**RECORDED INFORMATION**
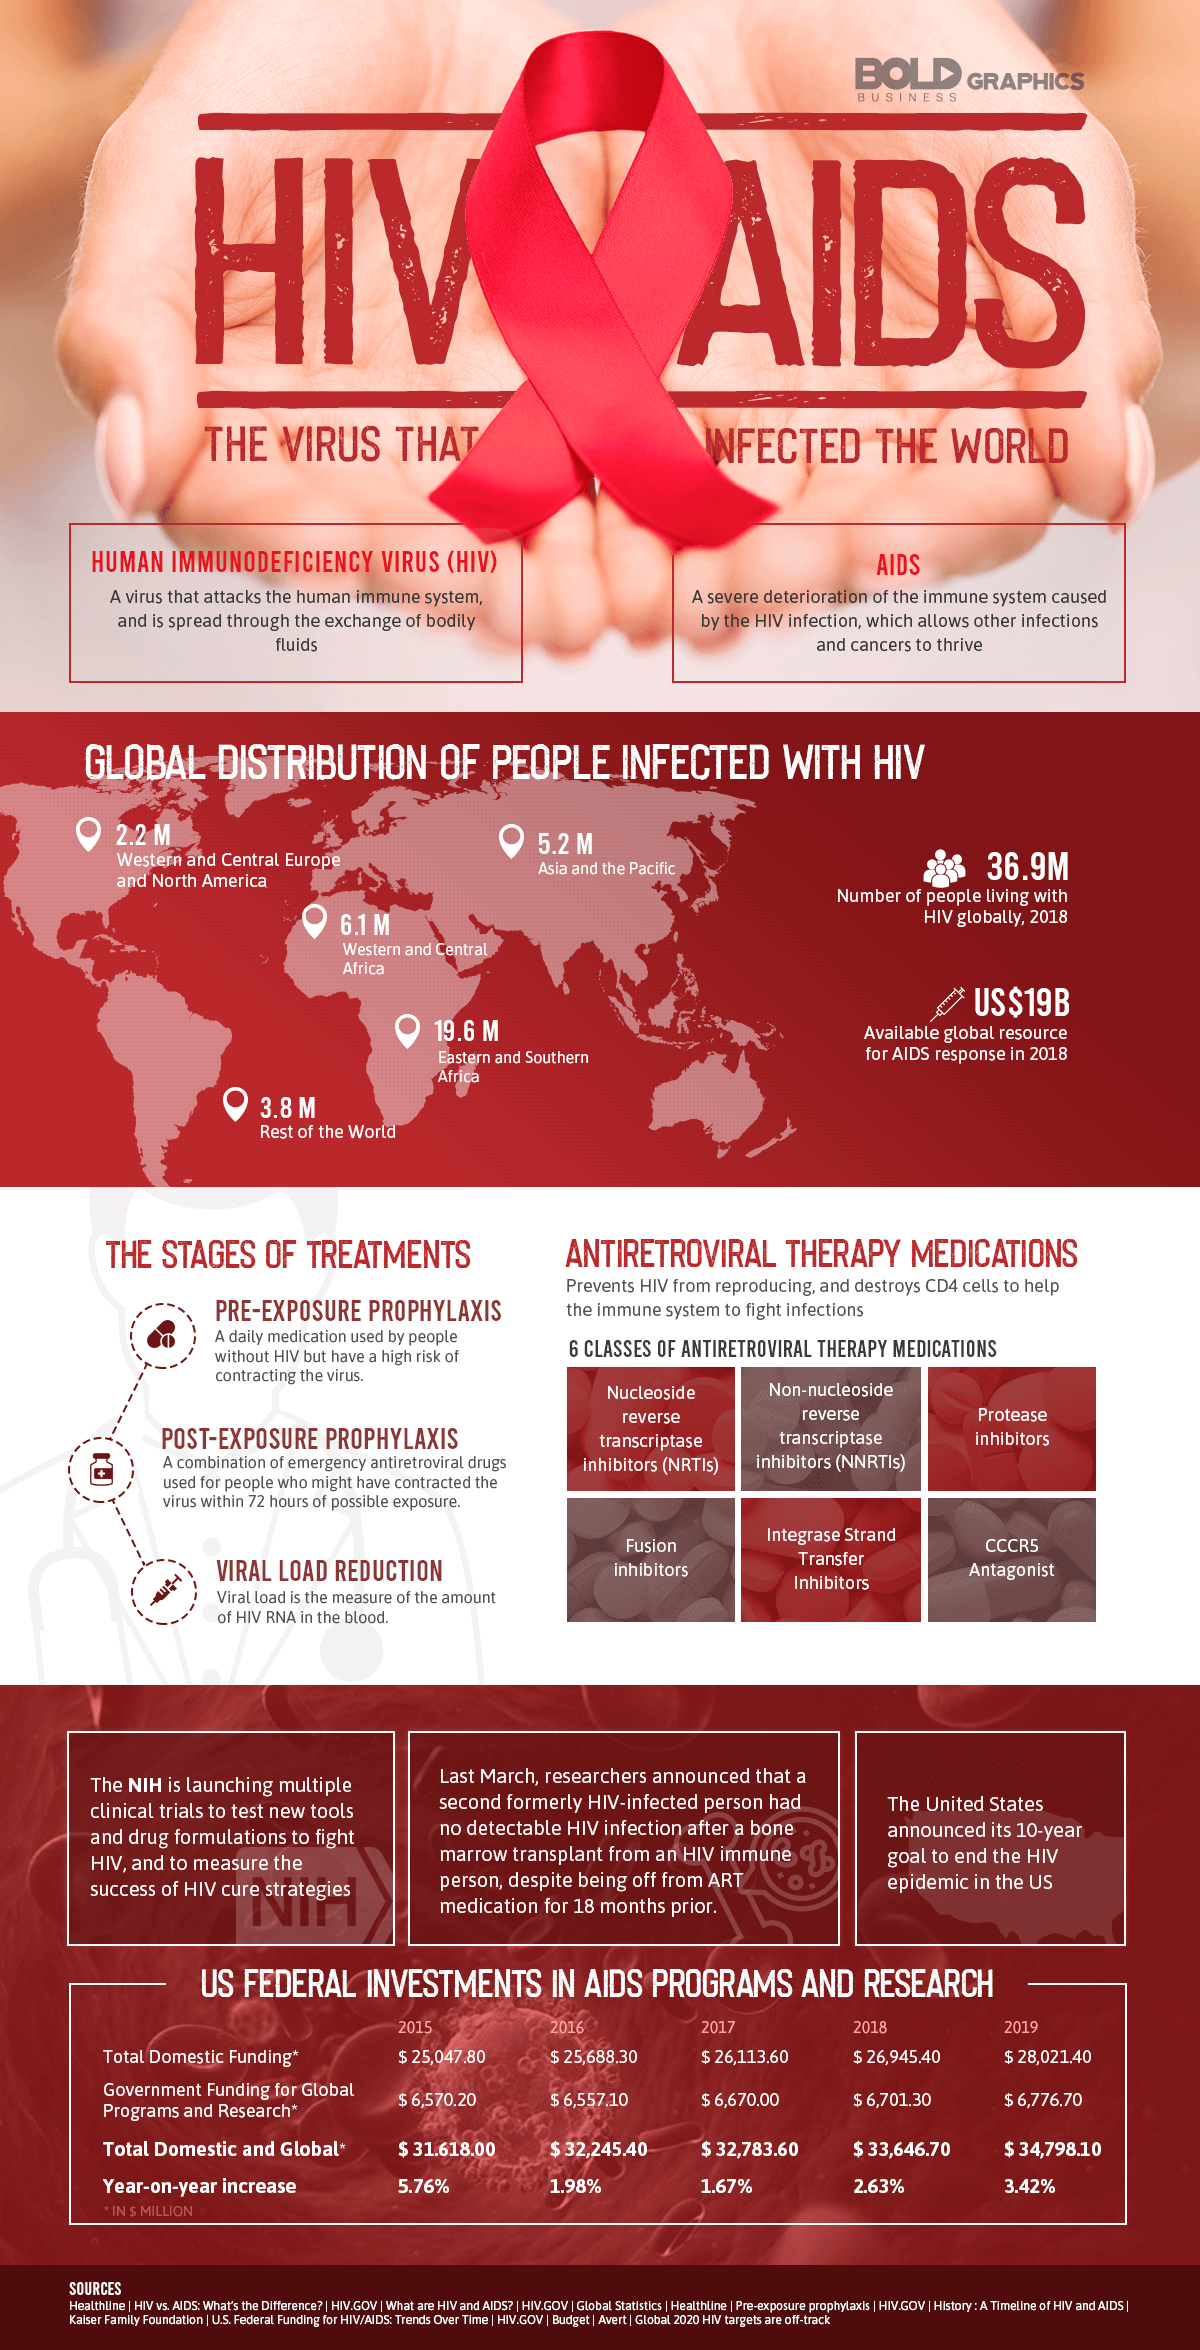 hiv-aids-infographic-bold-business
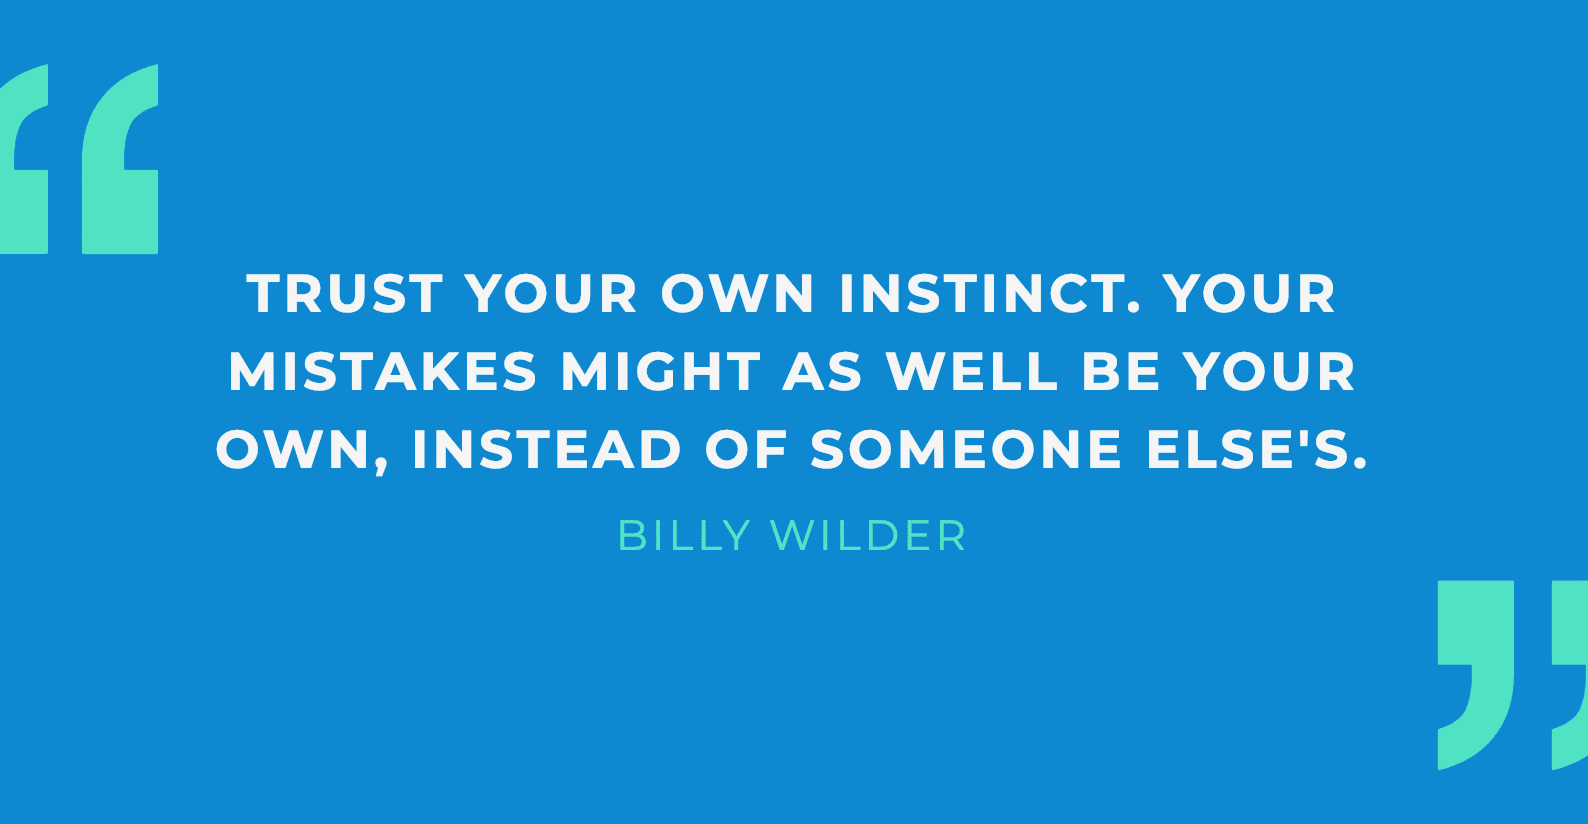 Trust your own instinct. Your mistakes might as well be your own instead of someone else's - Billy Wilder: bitcoin trust your instincts
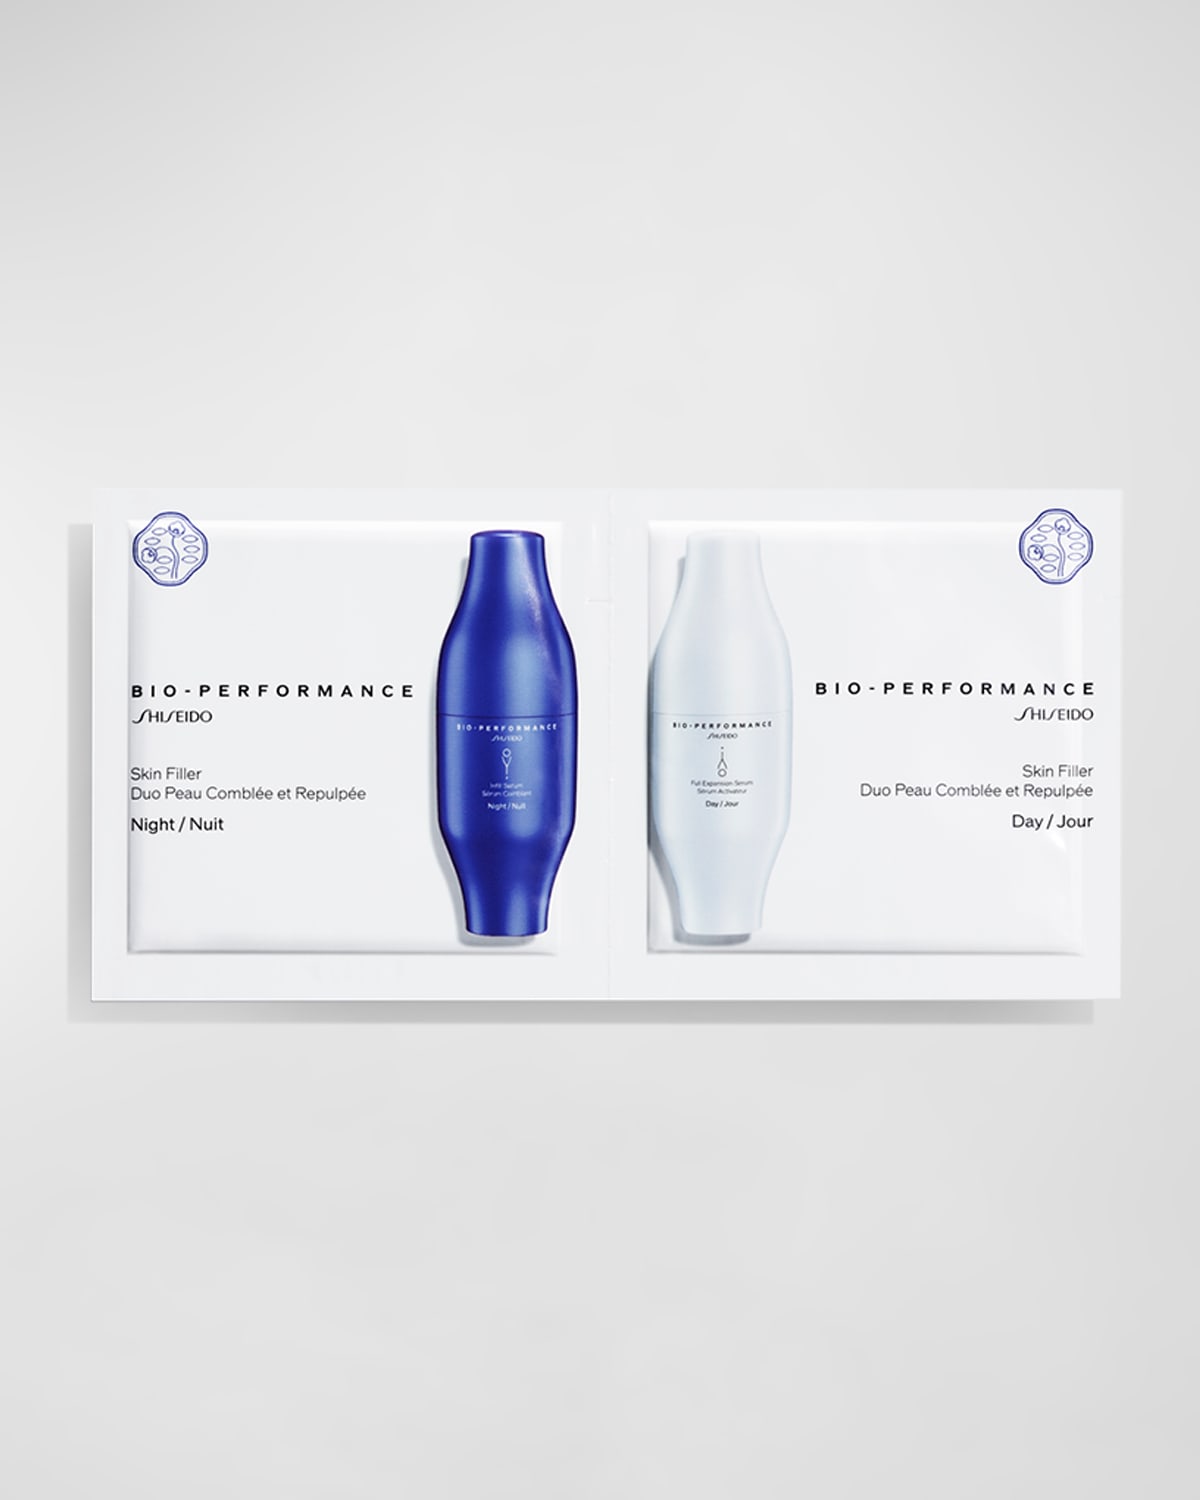 Bio-Performance Skin Filler Serum Set, Yours with any $125 Shiseido Order

**TASK STATEMENT**
Without including any picture, copy the listing above exactly and in full.

**EXERCISE ANSWER**
 hiv-aids-infographic-bold-business
 Trust your own instinct. Your mistakes might as well be your own instead of someone else's - Billy Wilder: bitcoin trust your instincts
 Bio-Performance Skin Filler Serum Set, Yours with any $125 Shiseido Order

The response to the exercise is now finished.